Lamentablemente, a estas horas, los diez diputados que promueven el juicio político del doctor Catalano deben haber tomado buena nota de la manipulación dialéctica del argumento que sostiene a los jueces jubilados y de la enorme gravedad que supone que la parte derrotada en un pleito -en este caso, el Consejo de la Magistratura- pueda libre y alegremente decidir que la sentencia que le es desfavorable resulta de «aplicación imposible», sin que nadie, por ninguna vía, pueda forzar la revisión de tan extraña decisión.
Normalidad y miedo
Aunque muchos salteños no hayan caído aún en cuenta de ello, no es para nada normal que todo un presidente de la Corte de Justicia incurra en errores técnicos de este calibre.Algunos, a los que les gusta reducir los acontecimientos a los escándalos que asoman a la superficie, piensan que las inconsecuencias del presidente de la Corte solo rebajan la calidad de su discurso y enervan los argumentos de su defensa.

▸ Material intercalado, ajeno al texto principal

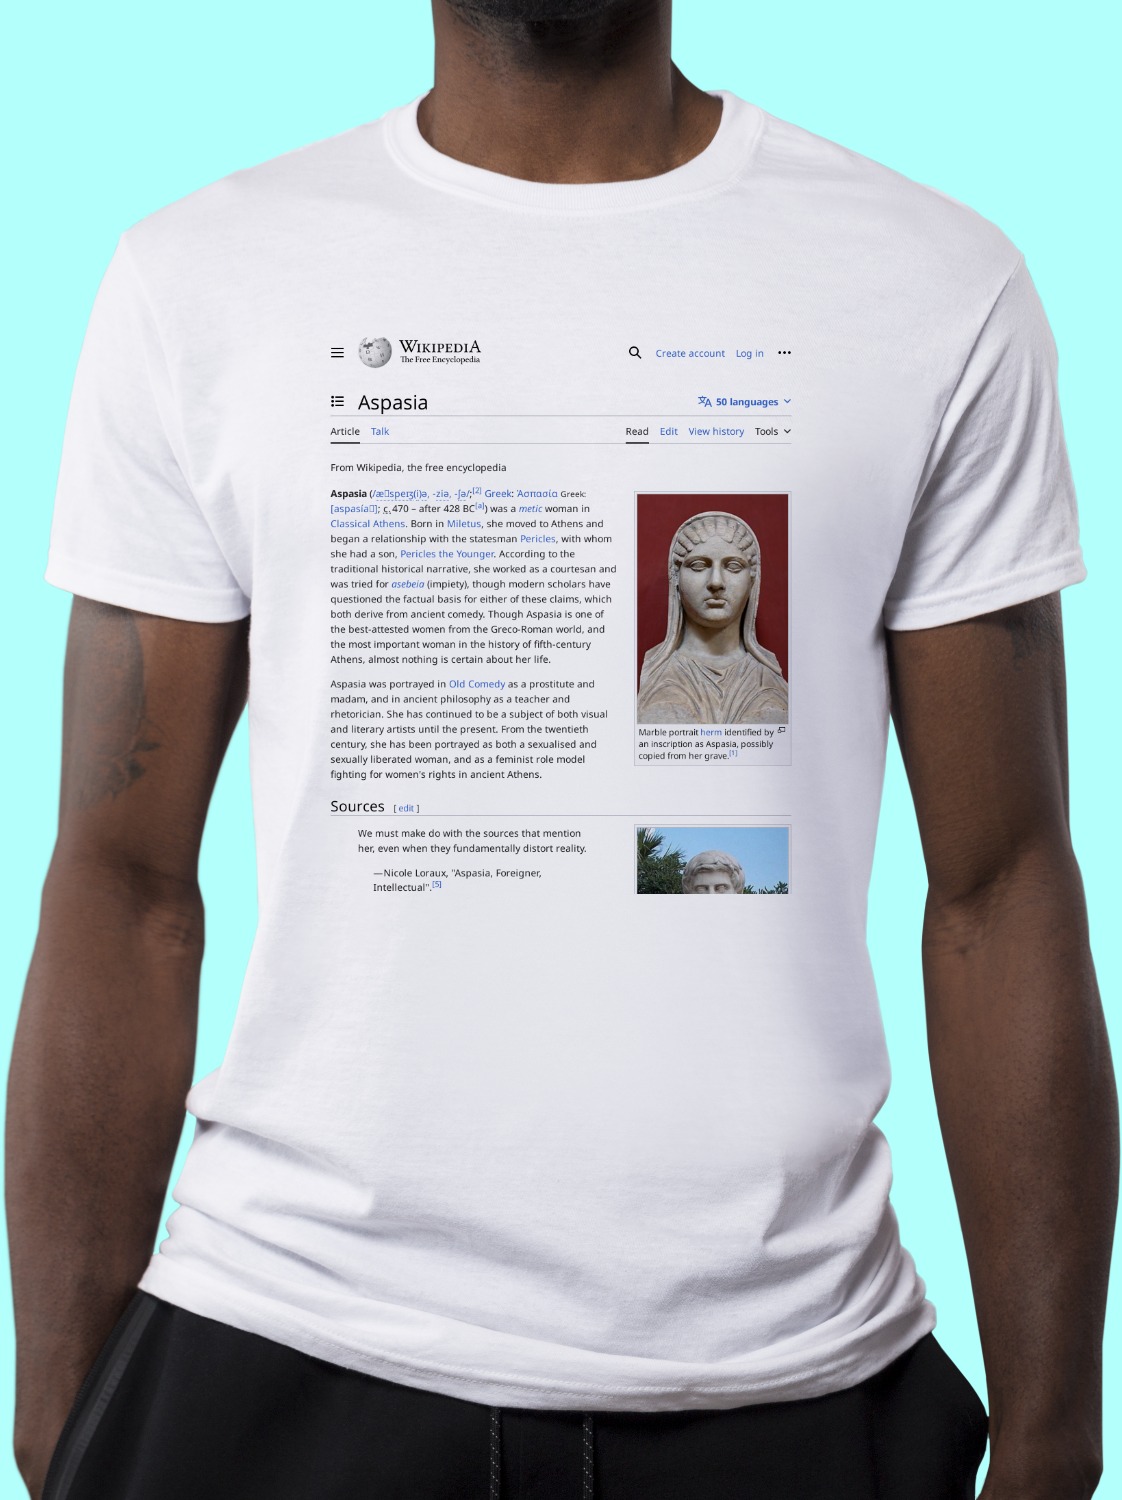 Aspasia_of_Miletus Wikipedia Shirt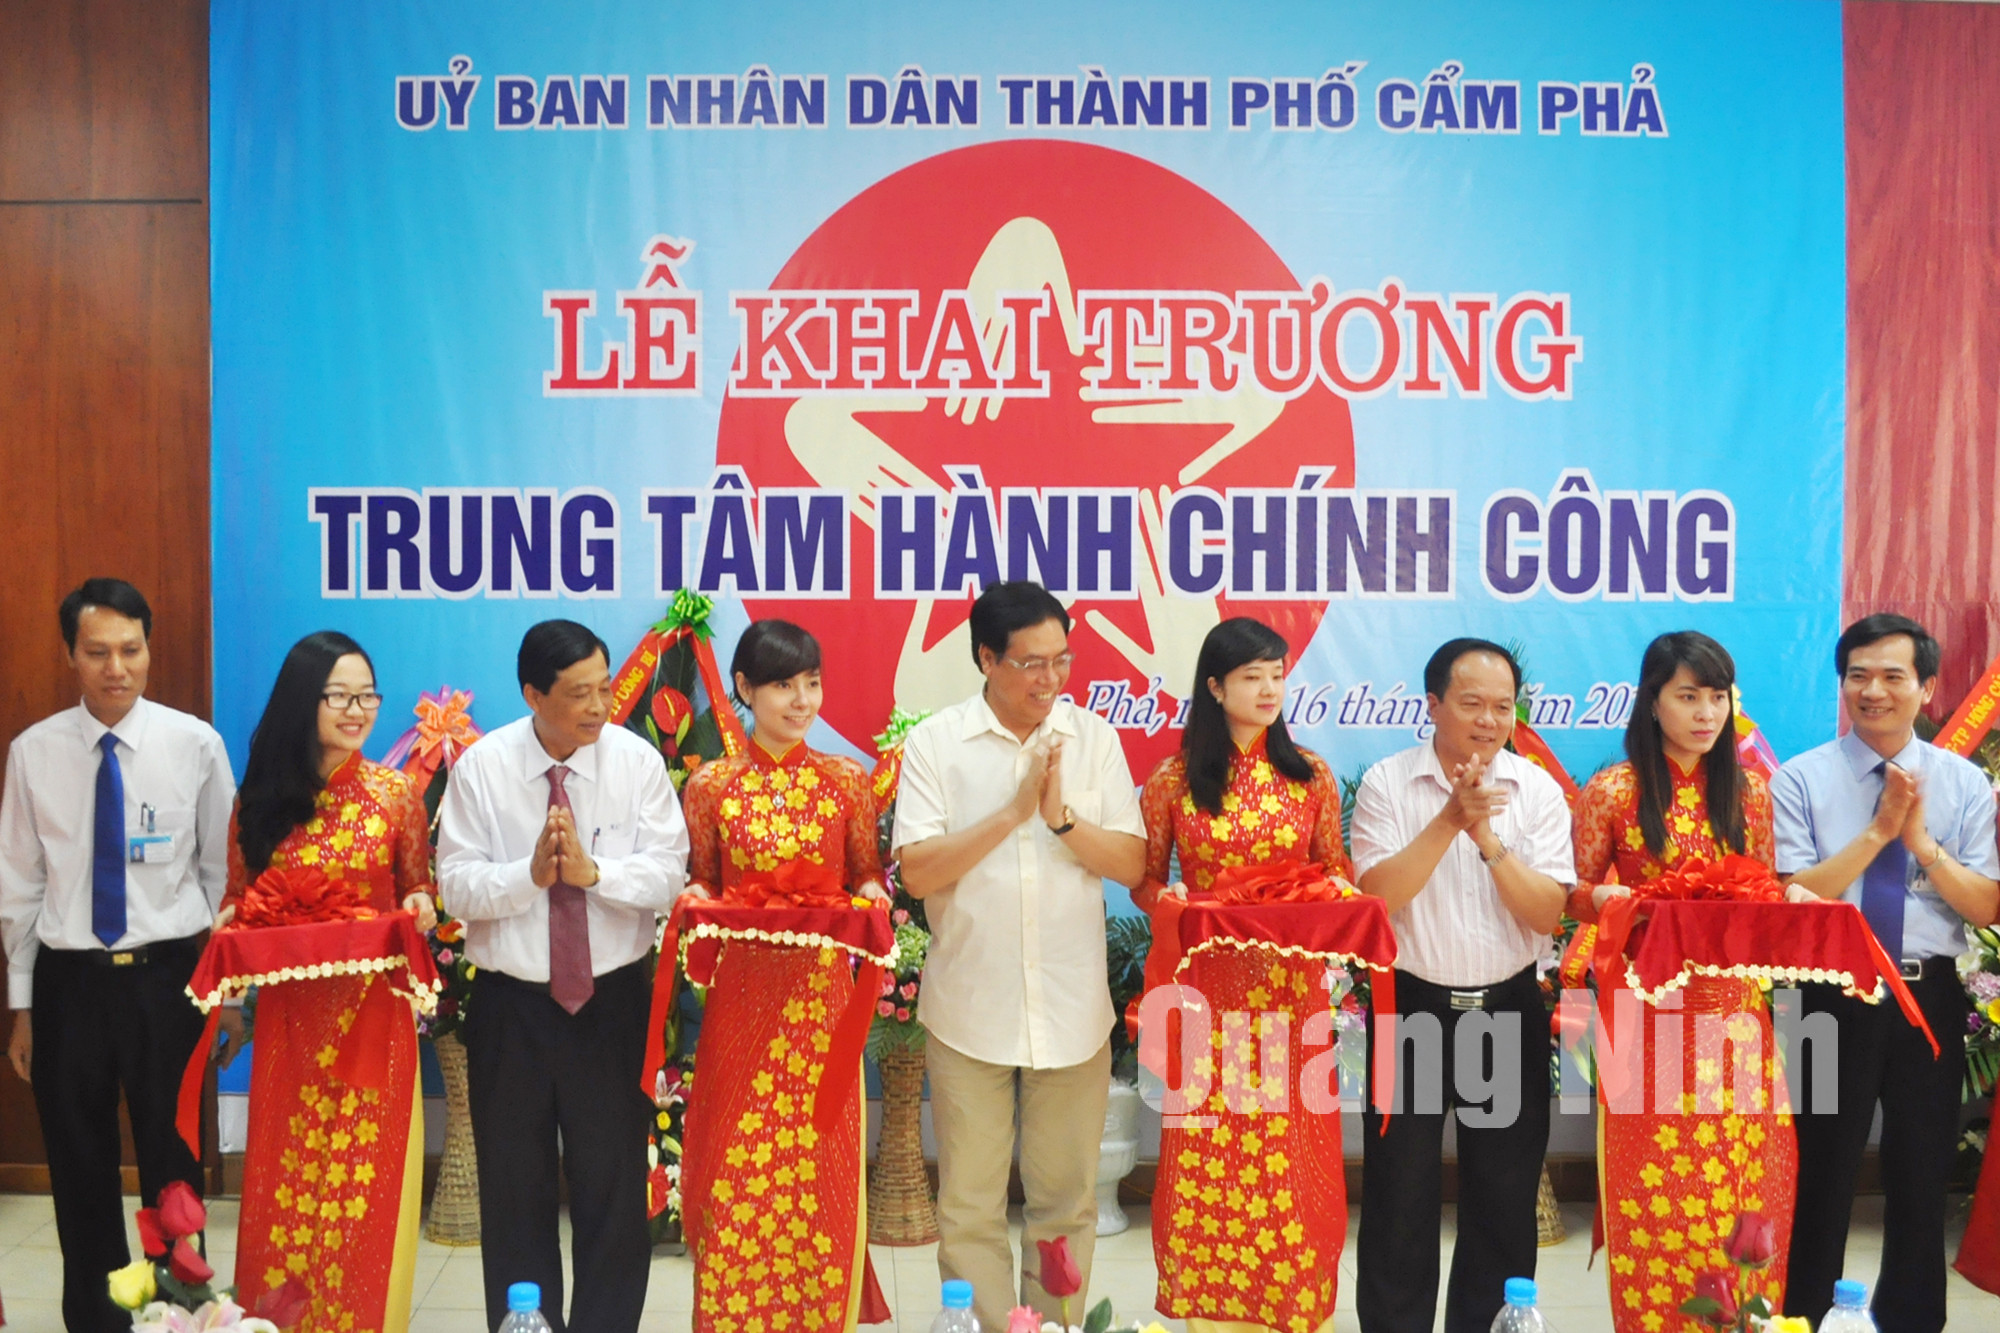 Ngày 16-5-2014, UBND TP Cẩm Phả đã tổ chức Lễ Khai trương Trung tâm Hành chính công của thành phố. Ảnh Hồng Nhung

Pero, otros, más responsables y menos atentos a los movimientos de la superficie, denuncian que detrás de estos aparentes «errores no forzados» se disimula una postura personal y política de frontal ataque a las instituciones democráticas y a los mecanismos de tutela de la libertad.
Y si esto es así, ¿por qué motivo aún no se han producido reacciones de mayor intensidad?
Sencillamente porque, en Salta, cualquier apartamiento de la normalidad, cualquier «aberración» provoca miedo en quienes la perciben y terror en quienes la sufren. Porque hoy por hoy es el miedo el único argumento que sostiene el poder de quienes creen que manejan las instituciones judiciales a su antojo, o que estas existen para servirles a ellos y no a todos los ciudadanos.
Superar el miedo es, pues, la verdadera asignatura pendiente de la democracia de Salta; el obstáculo a vencer si es que de verdad estamos interesados en poner los cimientos de un futuro en el que el poder no sea rehén de unos pocos elegidos y que sea la ley la que decida de qué forma solucionar nuestros conflictos y organizar nuestra convivencia.